Thank you very much!!!




Re: OT: copy a modern greek-encoded text

2009-12-28 Thread Diego Queiroz
Piero Faustini,

This problem is very dificult to deal with.

It is happening because the document is not using Unicode. It is using
common ANSI format with an unusual font with Greek characters on place of
the ones you are used to (the font is embedded on the PDF file). This is why
you see "bad characters" when you copy and paste its content: your editor is
using a font with a different encoding than the pasted data.
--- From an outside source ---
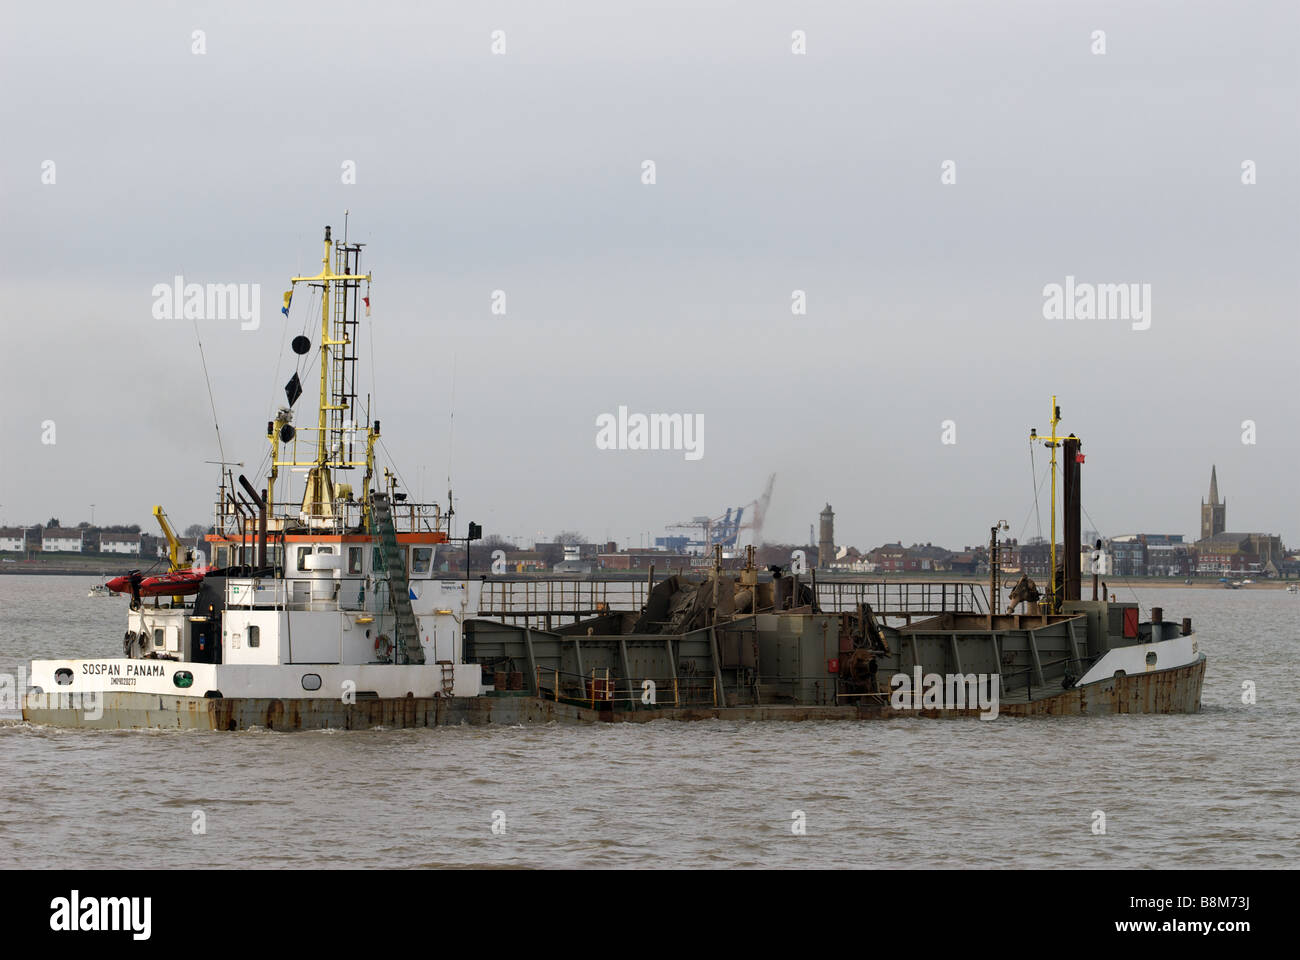 Draga de dragado del canal de aguas profundas, en el puerto de Felixstowe, Reino Unido. Foto de stock

Even if you extract the fonts ans install them (I think you can do this
using FontForge http://fontforge.sourceforge.net/ ), it won't solve your
problem, because Google (and most translators/tools on the web) need
Unicode. :-(

There is a tool on the web I use often which converts latin text to slavic
formats (includind Greek): http://www.translit.ru/?direction=gr .
But the font on this document is using a very different encoding so it did
not work also. :-(

If the translation of this document is very important, I think you have to
transliterate it by yourself or using an OCR tool (of course, this tool has
to be able to distinguish Greek characters, so it won't be an easy task).


Regards,
---
Diego Queiroz


On Mon, Dec 28, 2009 at 12:31 PM, Manoj Rajagopalan wrote:

>
> Maybe Adobe performs some kind of OCR when you select a piece of text from
> a
> PDF document and tries to copy what it can infer onto the clipboard. In
> that
> case it might just not be as good with Greek as it is with English. When i
> tried to select a line, the selection highlight background spilled over to
> neighbouring lines so acrobat reader wasn't very good with identifying line
> boundaries to start with. I am using Acrobat 9.0 on KUbuntu 8.04.
>
> Have you tried googling for phrases like "acrobat copy
> greek/international ..."
>
> cheers!
> Manoj
>
>
> On Monday 28 December 2009 08:44:20 am Piero Faustini wrote:
> > Hello,I know this is a bit off-topic (well, COMPLETELY off-topic) but I
> ask
> > in this newsl because I know there are some guys with international
> > languages coding knoledges who could at least redirect me to some other
> > community for this kind of problems.I need to copy some text (ok, I
> confess
> > I would like to use googletranslate to know what's about!) in a pdf
> > document which stays at this location:
> > http://www.ionio.gr/~GreekMus/articles/samaras.pdfAnyway, I tried to
> copy
> > the text to some editor/wp but always failed and found only bad
> characters,
> > saving only some words coded in latin alphabet.Maybe a greek user can
> copy
> > and then repaste the text in a suitable format.Any other
> > ideas/help?ThanksPiero
> > _
> > 25 Gigabyte per le tue foto online
> > http://www.windowslive.it/foto.aspx
>
>


Re: OT: copy a modern greek-encoded text

2009-12-28 Thread Manoj Rajagopalan

Maybe Adobe performs some kind of OCR when you select a piece of text from a 
PDF document and tries to copy what it can infer onto the clipboard. In that 
case it might just not be as good with Greek as it is with English. When i 
tried to select a line, the selection highlight background spilled over to 
neighbouring lines so acrobat reader wasn't very good with identifying line 
boundaries to start with. I am using Acrobat 9.0 on KUbuntu 8.04.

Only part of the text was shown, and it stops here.